:: WORK REQUIRED ::
Go through the listing below and write out exactly the lines from the one that mentions "Mandarin 2 мл" through the one that mentions "マージシート有害なラテックスグローブ(PFE) 10 箱", minus the pictures.

:: THE INPUT ::

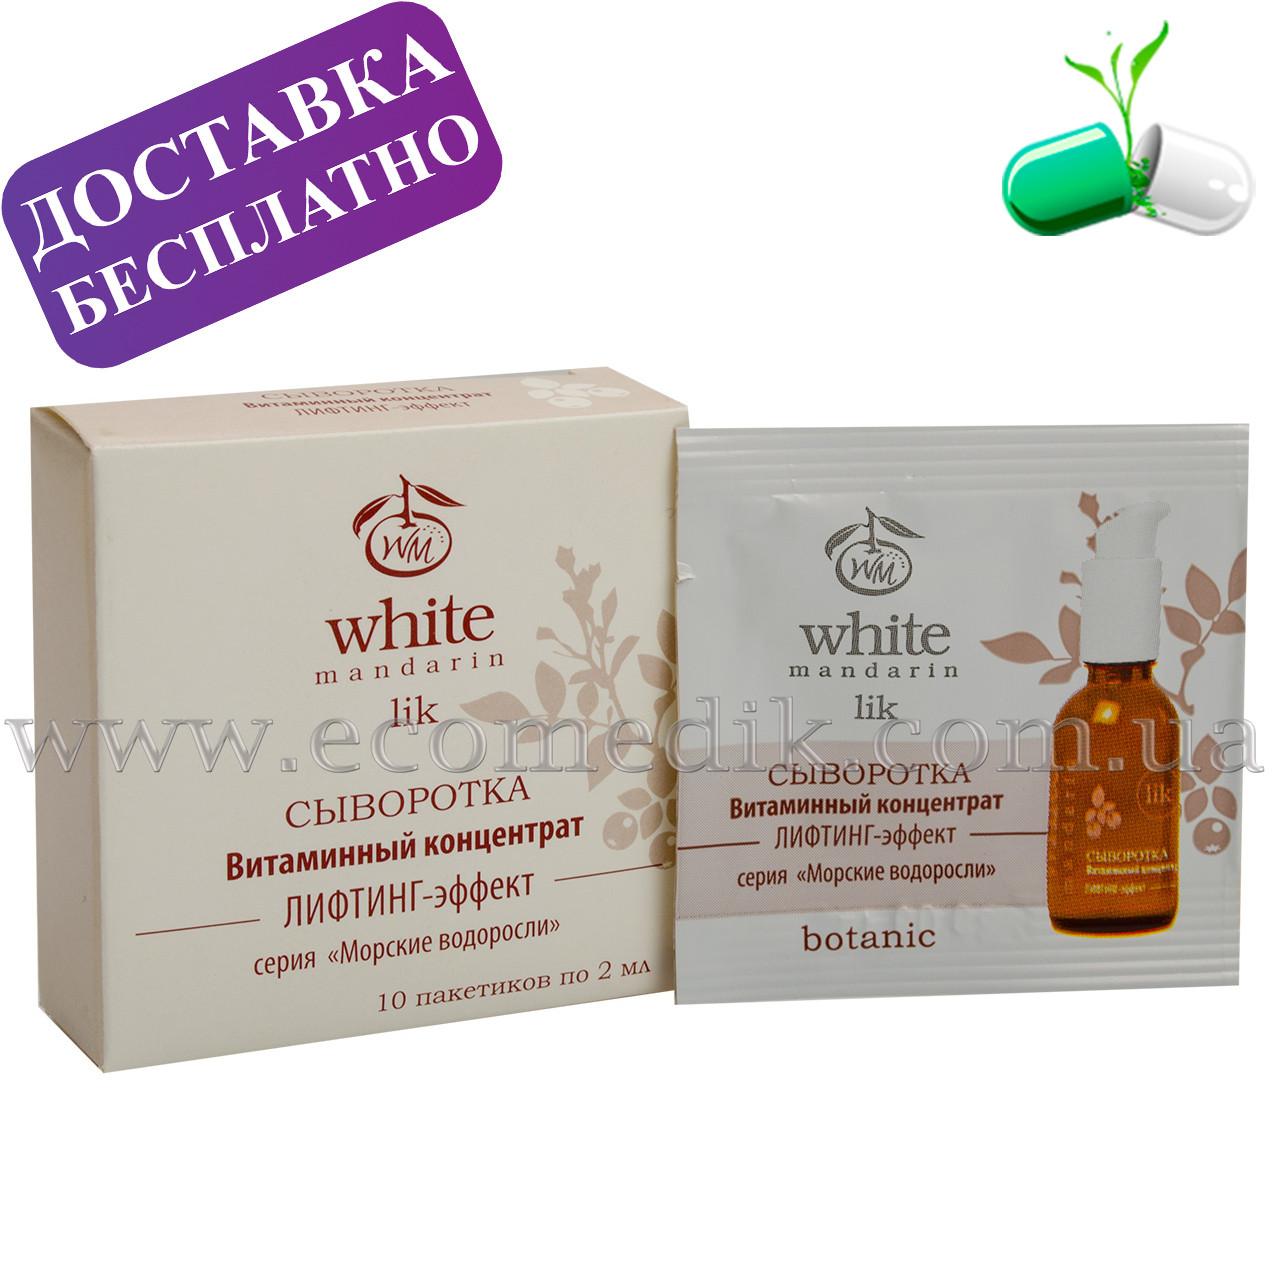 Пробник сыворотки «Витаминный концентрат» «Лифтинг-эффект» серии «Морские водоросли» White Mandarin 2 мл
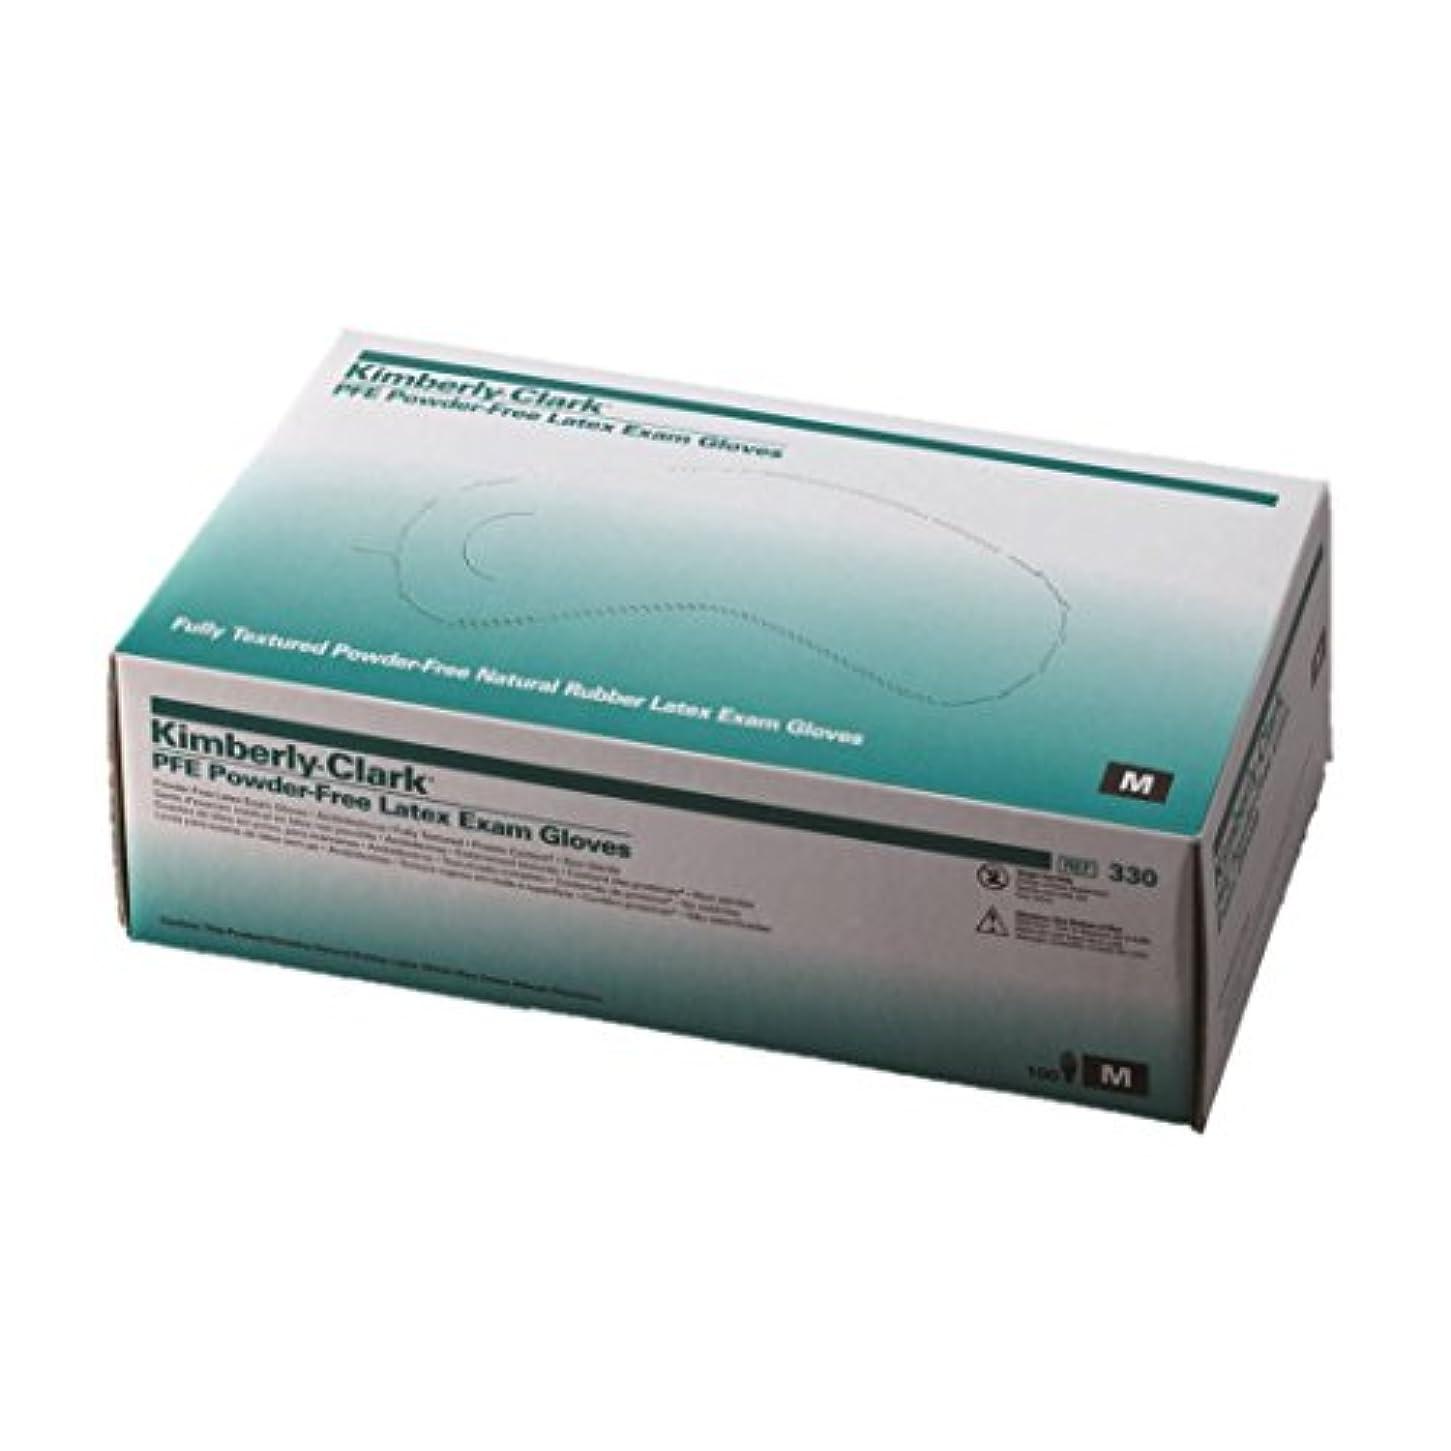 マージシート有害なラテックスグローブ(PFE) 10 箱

...

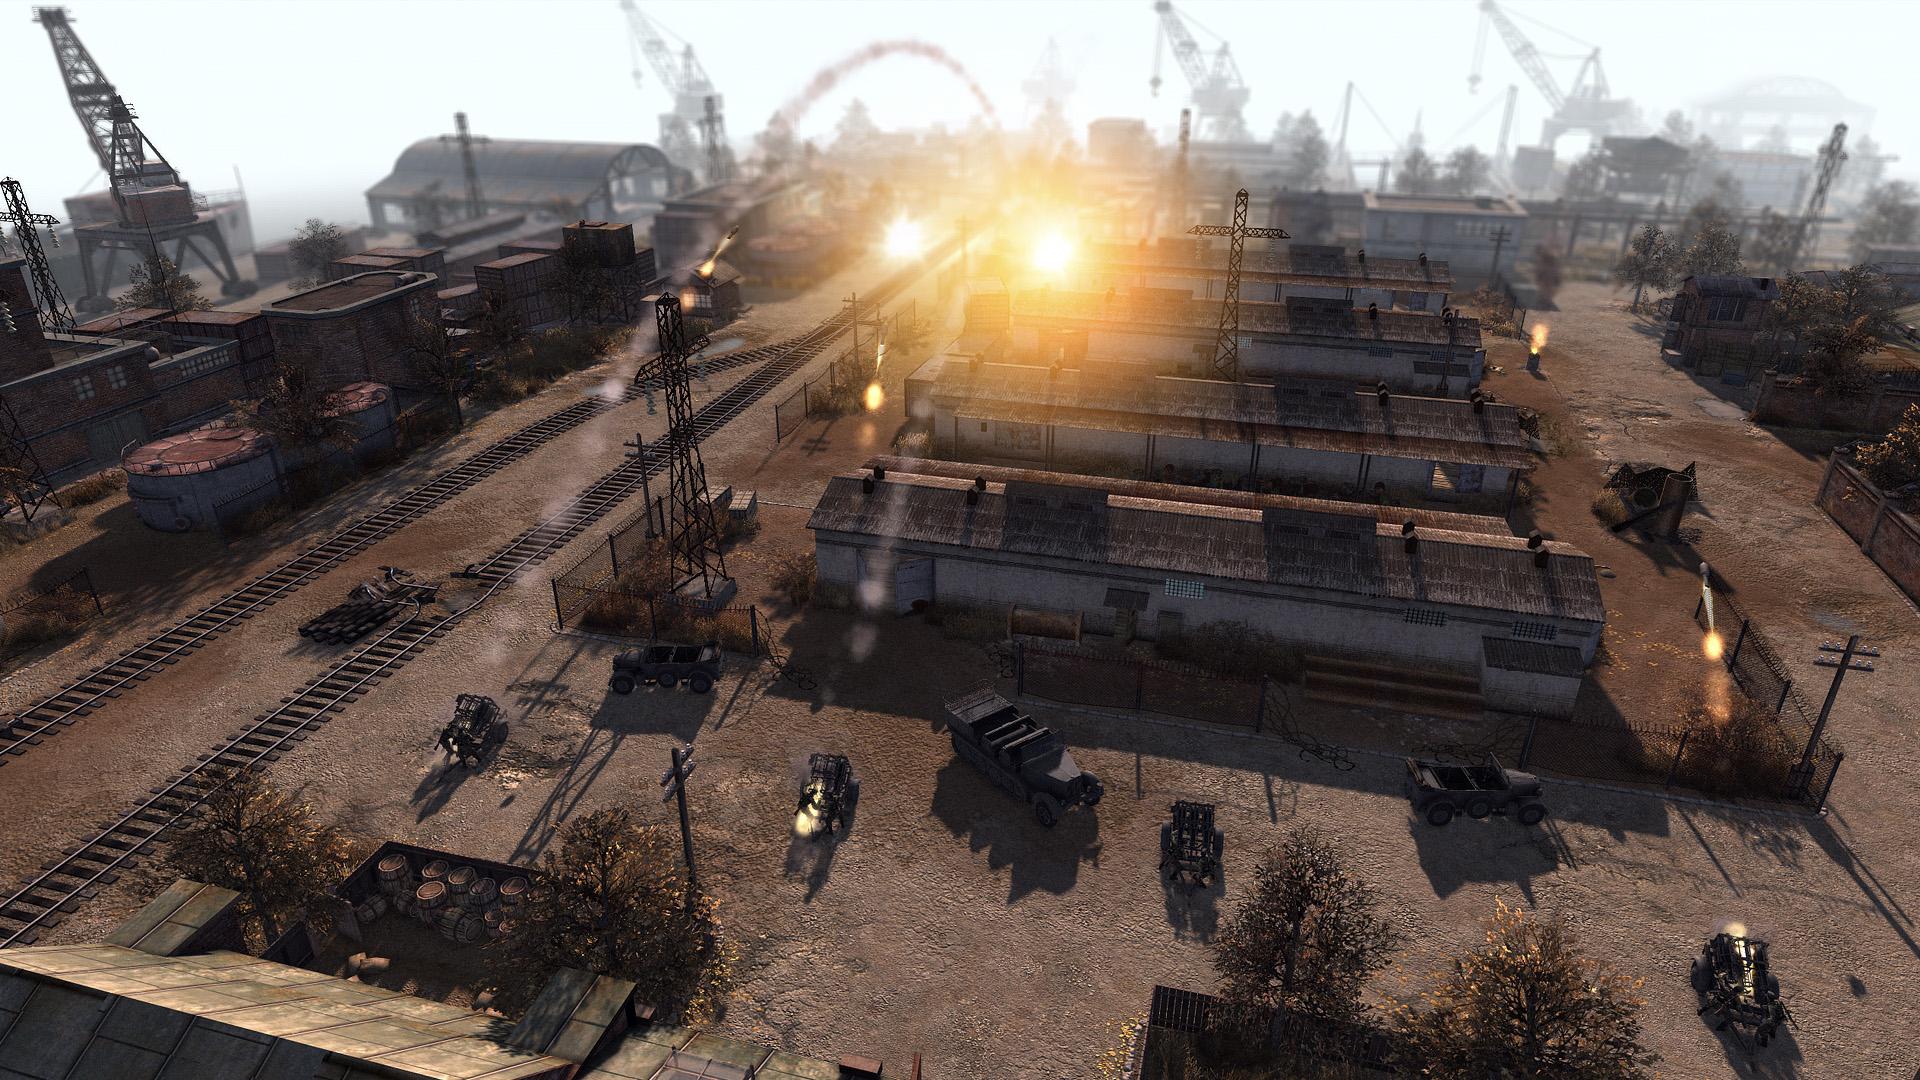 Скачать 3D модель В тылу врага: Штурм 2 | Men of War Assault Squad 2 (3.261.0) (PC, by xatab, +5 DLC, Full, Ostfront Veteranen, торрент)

:: RESPONSE AREA ::
 Пробник сыворотки «Витаминный концентрат» «Лифтинг-эффект» серии «Морские водоросли» White Mandarin 2 мл
 マージシート有害なラテックスグローブ(PFE) 10 箱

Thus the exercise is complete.